Whether you love him or hate him, Donald Trump is now your 45th elected President of the United States. What does this mean for our tech sector?
Well, as with many of Trump’s strategies, there was no blueprint of his tech support sector objectives. But, there were many knee-jerk solutions he presented that actually made some sense. He objected to Apple not giving access to an iPhone that would unlock the San Bernandino shooting killer. Trump went a step further to issue an Apple boycott until Apple would provide access. Yes, it’s bold and Trump-like, but so our his security policies.
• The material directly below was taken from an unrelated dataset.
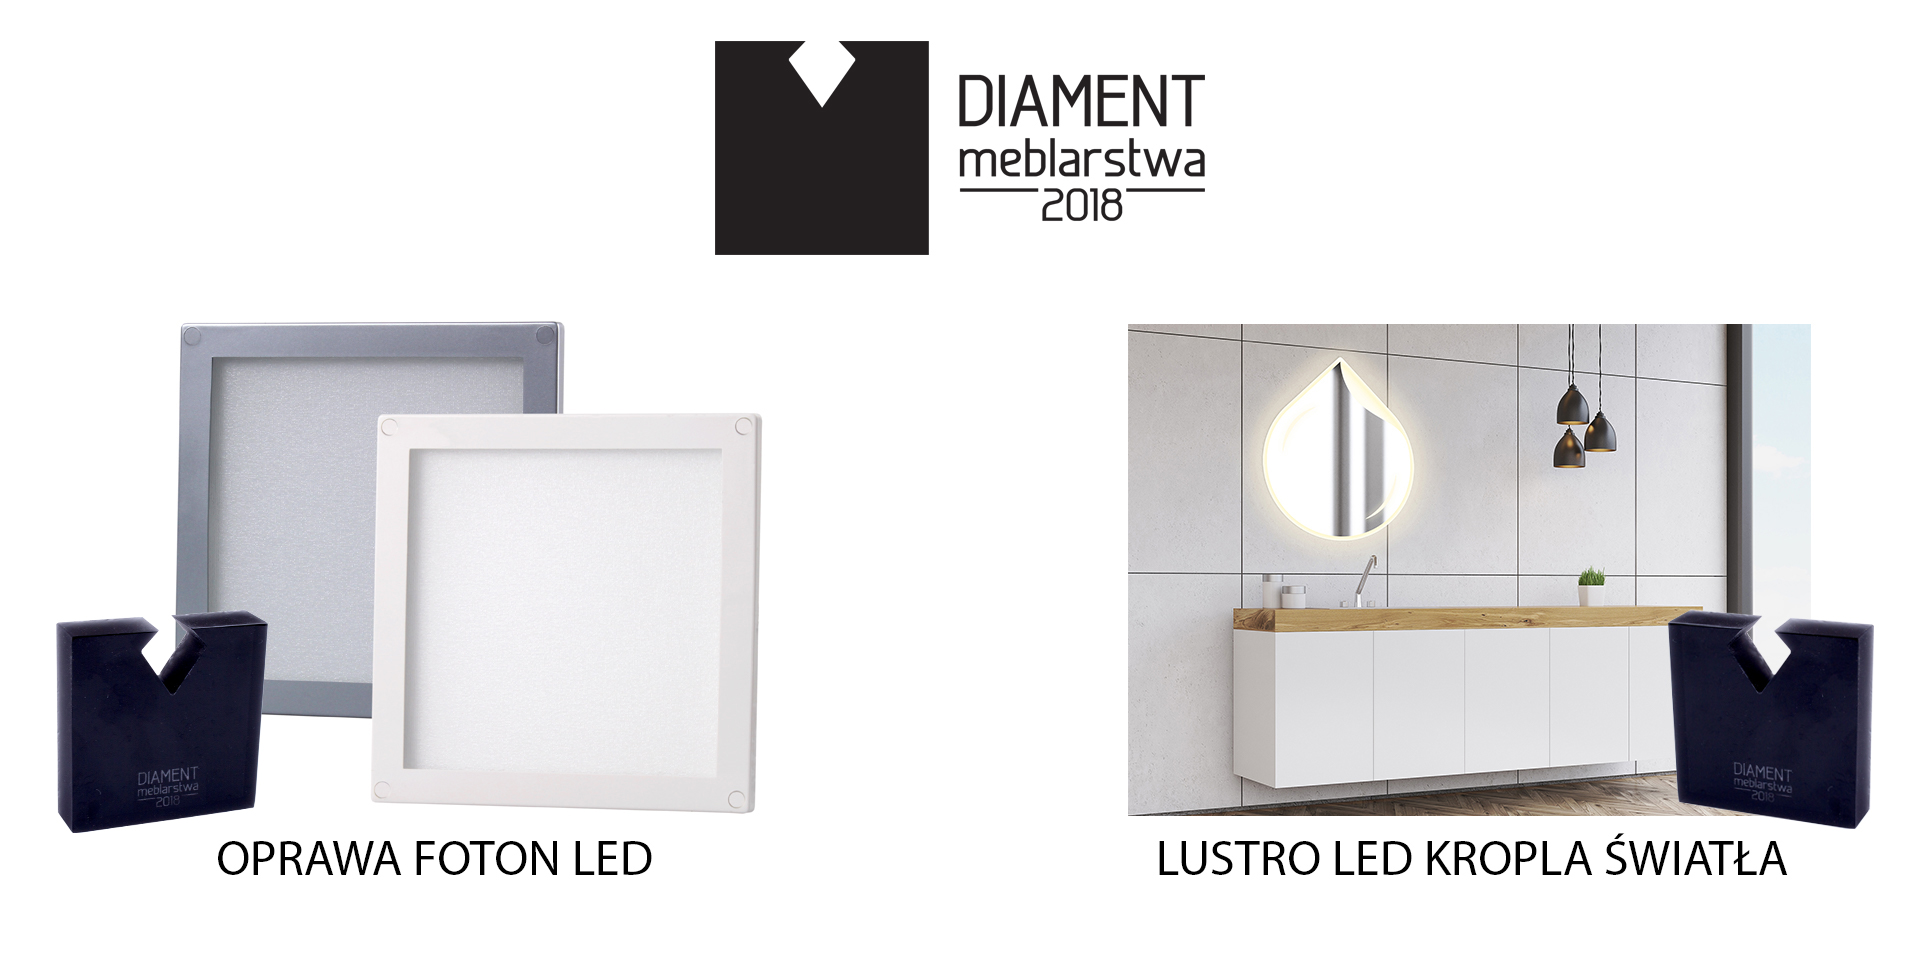 Diament meblarstwa - nagroda dla producent oświetlenia LED do mebli i wnętrz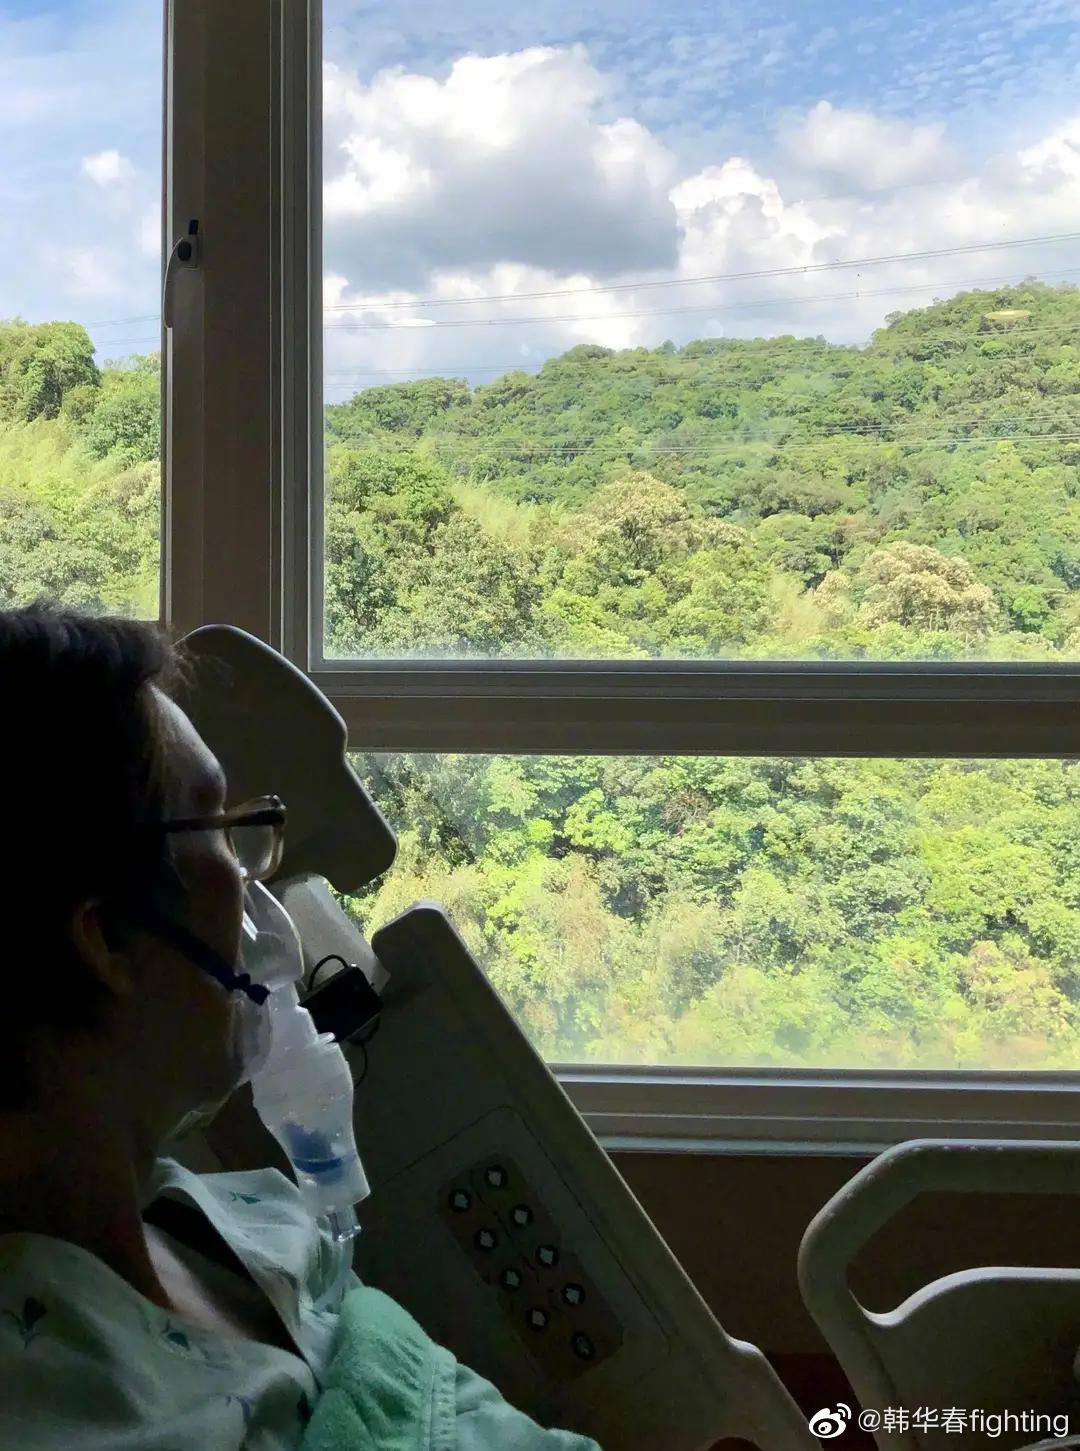 林志炫晒近照头戴呼吸机,脸部消瘦面容憔悴引人担忧

If the securities policies help put terrorists in jail, he would stop at nothing to do so. This includes opening access to iPhones, computers, and other accounts that would provide security access. I’m not a happy camper about terrorists fleeing devoid access to a simple passcode. But, I’m not also content about your iPhone access being given to someone else upon request. The take-away here is you can expect national security to “trump” personal technology security.
If elected, Trump promised to perform an immediate review of all U.S. cyber defenses and vulnerabilities. This is well-needed and since Putin is a big supporter now, I’d like to think the potential Russian moles along with Russian cyber attacks will decline. Alright, I’m watching too much Homeland, I know. The take-away here is this is a good thing! Hire some Russians to deconstruct and recreate a more secure infrastructure is probably the best IT strategy here.
As with international jobs, Trump is looking to make the U.S. a powerhouse again. To achieve this, he is looking to implement ways to keep jobs here in the states versus farming out to India, China, and other countries. Apple, take notice!
Overall, Trump should be good for the tech sector. With his strong views in strengthening the U.S. as a global powerhouse, shoring up IT security and keeping American jobs will bolster our tech industry.